WHAT IS NEEDED
Look through the records below for the line with "2014 La nouvelle" and the line with "Patagonia (パタゴニア) R2ジャケット ブルー サイズ:M", then return those lines and all lines between, exactly.

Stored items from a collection
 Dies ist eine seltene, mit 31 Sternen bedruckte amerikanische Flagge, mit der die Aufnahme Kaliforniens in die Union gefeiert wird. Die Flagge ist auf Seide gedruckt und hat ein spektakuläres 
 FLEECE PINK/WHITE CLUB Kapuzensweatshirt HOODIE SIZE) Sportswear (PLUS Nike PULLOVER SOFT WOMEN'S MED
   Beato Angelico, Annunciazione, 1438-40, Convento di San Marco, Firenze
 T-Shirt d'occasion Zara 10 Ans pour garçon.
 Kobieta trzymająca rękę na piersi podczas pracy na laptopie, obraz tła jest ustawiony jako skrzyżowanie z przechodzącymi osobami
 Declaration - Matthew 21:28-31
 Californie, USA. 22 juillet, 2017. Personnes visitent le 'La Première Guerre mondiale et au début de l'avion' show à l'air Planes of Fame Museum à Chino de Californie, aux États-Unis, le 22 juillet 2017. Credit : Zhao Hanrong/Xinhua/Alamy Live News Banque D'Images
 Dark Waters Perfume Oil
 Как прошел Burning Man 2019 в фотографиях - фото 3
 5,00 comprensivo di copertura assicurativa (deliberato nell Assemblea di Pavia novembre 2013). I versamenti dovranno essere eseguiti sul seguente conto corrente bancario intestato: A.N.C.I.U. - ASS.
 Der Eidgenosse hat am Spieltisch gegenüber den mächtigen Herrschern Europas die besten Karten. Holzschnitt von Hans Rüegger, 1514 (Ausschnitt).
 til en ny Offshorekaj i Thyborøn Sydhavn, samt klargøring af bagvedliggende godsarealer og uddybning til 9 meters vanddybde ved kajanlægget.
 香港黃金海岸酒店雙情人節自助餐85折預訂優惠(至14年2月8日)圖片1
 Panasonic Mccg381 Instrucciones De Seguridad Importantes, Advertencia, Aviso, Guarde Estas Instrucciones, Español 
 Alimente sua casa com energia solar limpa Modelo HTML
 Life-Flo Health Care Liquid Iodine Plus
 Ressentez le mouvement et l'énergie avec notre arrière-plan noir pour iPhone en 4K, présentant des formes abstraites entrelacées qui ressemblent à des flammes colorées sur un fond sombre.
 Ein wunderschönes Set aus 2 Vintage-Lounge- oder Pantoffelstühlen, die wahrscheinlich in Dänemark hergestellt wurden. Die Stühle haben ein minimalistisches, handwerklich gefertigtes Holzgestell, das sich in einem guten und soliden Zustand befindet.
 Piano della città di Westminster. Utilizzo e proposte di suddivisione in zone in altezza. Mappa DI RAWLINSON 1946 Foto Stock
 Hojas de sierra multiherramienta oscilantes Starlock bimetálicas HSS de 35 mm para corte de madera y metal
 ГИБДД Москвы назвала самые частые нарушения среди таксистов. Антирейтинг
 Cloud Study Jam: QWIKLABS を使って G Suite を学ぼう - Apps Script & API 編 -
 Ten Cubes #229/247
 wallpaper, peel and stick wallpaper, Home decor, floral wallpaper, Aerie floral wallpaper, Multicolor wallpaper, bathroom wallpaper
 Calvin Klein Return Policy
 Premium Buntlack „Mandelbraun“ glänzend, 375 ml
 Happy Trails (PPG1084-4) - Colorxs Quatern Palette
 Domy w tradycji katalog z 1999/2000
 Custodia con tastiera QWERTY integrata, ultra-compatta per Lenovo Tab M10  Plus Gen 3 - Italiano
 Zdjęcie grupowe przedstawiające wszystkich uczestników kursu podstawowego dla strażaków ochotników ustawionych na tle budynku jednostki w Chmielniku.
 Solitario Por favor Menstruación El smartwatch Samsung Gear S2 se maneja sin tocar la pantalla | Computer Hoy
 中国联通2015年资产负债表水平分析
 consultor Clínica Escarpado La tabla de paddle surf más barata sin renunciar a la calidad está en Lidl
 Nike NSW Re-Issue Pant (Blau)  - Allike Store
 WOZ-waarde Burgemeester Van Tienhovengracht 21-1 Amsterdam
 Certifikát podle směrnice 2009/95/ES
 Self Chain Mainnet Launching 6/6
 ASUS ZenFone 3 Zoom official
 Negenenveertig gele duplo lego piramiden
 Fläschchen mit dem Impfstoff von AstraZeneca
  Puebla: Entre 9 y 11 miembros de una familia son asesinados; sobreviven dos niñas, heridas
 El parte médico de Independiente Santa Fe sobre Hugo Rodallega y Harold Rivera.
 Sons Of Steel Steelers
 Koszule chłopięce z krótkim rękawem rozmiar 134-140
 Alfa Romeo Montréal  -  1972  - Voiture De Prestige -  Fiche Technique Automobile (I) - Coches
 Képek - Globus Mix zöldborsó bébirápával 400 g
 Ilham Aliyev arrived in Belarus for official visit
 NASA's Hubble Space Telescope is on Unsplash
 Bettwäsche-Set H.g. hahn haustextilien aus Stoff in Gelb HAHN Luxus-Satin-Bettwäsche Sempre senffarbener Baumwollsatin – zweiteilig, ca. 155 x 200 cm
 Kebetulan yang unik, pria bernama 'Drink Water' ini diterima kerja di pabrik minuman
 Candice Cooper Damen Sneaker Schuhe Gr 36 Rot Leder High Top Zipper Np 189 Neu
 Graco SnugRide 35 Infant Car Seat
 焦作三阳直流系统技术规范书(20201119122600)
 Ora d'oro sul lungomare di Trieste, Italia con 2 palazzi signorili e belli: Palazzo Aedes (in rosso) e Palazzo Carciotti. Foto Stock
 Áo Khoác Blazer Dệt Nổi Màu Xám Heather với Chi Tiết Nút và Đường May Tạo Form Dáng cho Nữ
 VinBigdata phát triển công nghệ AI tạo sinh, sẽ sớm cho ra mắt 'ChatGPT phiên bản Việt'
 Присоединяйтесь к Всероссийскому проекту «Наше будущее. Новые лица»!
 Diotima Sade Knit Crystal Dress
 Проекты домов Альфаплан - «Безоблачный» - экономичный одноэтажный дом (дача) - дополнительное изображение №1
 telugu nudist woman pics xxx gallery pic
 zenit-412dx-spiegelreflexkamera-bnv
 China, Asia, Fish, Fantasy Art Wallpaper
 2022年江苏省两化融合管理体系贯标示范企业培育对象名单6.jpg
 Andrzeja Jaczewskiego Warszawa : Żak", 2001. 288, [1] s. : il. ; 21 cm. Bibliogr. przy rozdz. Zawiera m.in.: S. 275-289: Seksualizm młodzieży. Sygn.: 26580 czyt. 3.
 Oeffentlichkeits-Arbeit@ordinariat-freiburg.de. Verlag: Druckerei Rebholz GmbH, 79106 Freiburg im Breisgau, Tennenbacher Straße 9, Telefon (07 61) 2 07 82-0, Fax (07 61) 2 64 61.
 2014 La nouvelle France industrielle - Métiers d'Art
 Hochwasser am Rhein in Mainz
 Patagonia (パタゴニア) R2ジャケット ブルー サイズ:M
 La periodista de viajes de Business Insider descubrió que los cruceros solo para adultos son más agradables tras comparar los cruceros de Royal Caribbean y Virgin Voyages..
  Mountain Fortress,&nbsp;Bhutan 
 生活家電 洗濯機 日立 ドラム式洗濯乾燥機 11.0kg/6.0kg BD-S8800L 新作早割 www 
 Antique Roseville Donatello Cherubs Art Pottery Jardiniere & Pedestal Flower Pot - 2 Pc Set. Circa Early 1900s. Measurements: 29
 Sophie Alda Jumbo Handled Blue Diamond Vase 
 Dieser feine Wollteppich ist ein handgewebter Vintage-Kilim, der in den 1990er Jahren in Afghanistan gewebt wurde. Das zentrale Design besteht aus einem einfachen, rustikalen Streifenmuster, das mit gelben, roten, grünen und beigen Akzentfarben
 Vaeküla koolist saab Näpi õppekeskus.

ANSWER SECTION
 2014 La nouvelle France industrielle - Métiers d'Art
 Hochwasser am Rhein in Mainz
 Patagonia (パタゴニア) R2ジャケット ブルー サイズ:M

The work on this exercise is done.